In judo the anaerobic system contributes in short ‘all-out’ performances under the match and both the aerobic effect and capacity is important, because they can help the athletes sustain a higher intensity under the whole match, but also delay the accumulation of metabolites connected with the fatigue process.
In a study from Julio and colegues from 2017 could show the difference in energy contribution under simulated judomatches. Under these matches the oxidative energy system contributed with 70 % of the total energy under the whole match, while the glycolytic system contributed with 8 % of the total energy, and the ATP-PCr system contributed with 21 % of the energy.
The usage of the ATP-PCr energy system had a higer contrubution compared with the glycolytic system for the first 3 minutes of the match. Under the whole match the oxidative energy system then increased from 50% to 81 % of the total energy, while the ATP-PCr decresed from 40 to 12 % and and the glycolytic system was maintained between 6 and 10 %.

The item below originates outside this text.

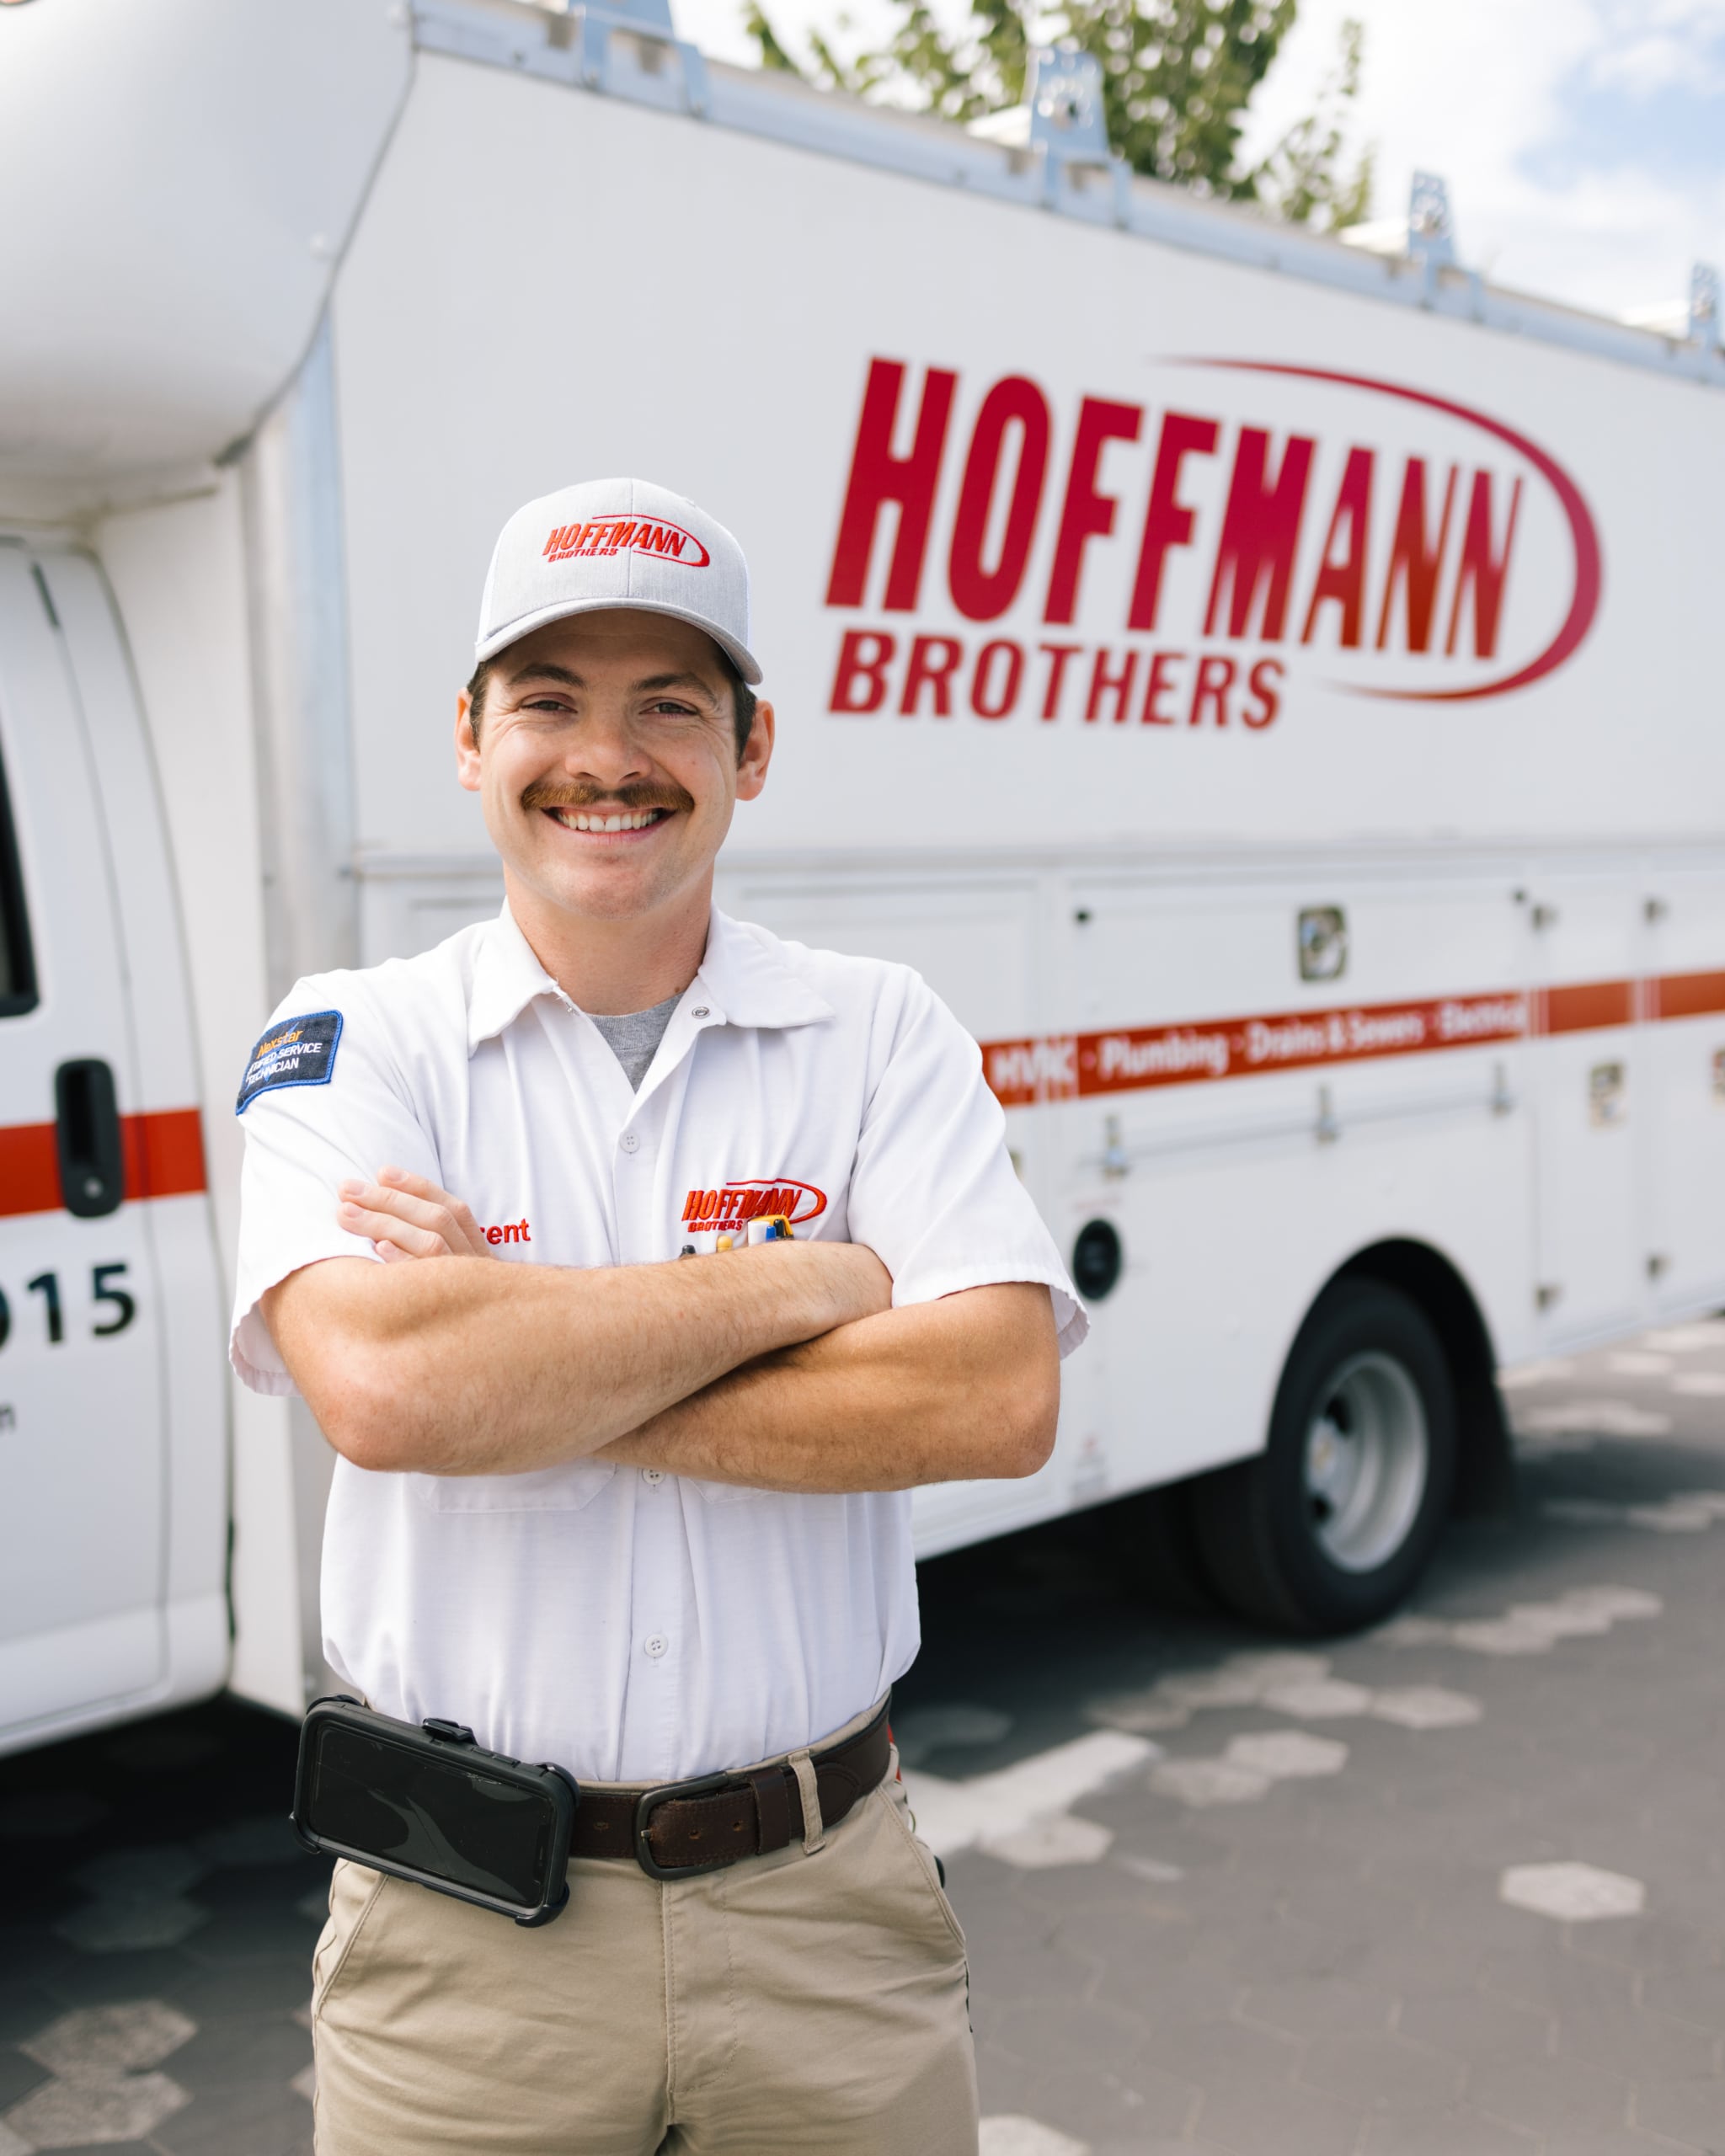 Hoffmann Brothers' Certified Technicians Ensuring Precision In Ductless Services, Nashville

Under the judomatches the athletes had a higher usage of V̇O2 under the match in the resting periods rather then under the effort periods. This could be a resulult of the energy supply from ATP-PCr is limited, and the accumulation of metabolites due to the activiation of glycolytic metabolism can’t recover under the short resting periods. The increase of the oxidative energetic system could then be a response to the lack of restoring the other two systems in the short resting periods
As mentiond before in 1995 the sicentist Gariod with colegues did find with both video analysis and physiological testing that there are two types of judo fighter, the endurance fighters and the explosive fighters. Their findings from video analysis showed that the explosive fighters were more eager to win at the beginning of the match and the endurance fighter winning rather at the end of the match. The physiological findings then showed that the endurance fighter had 15,7 % higher VO2max, took half the time (~50 seconds) to recover PCr than the explosive fighters, and could work 30,9 % longer before reaching fifty percent power loss. On the other hand the explosive fighter could perform 11 % higher values for relative peak power at wingate test. This result could then reflect on the type of tactics the both fighters would use during fights where the explosive fighter will rely on a quick, precise and explosive technique and not be so dynamic in the fight. On the other hand the endurance fighter will be more dynamic and have a higher frequency of techniques.
The study from Franchini and associates from 2011 shows that there were good correlation between peak power 66 % and mean power 68 % at upper body wingate test and the amount of matches won at high level competitions, there is also a strong correlation between performance in two repeated Wingate test 76 % and the number of attacks performed under simulated judo matches. This could be due to the physical demand that judo puts on the upper body, especially on the anaerobic energetic system.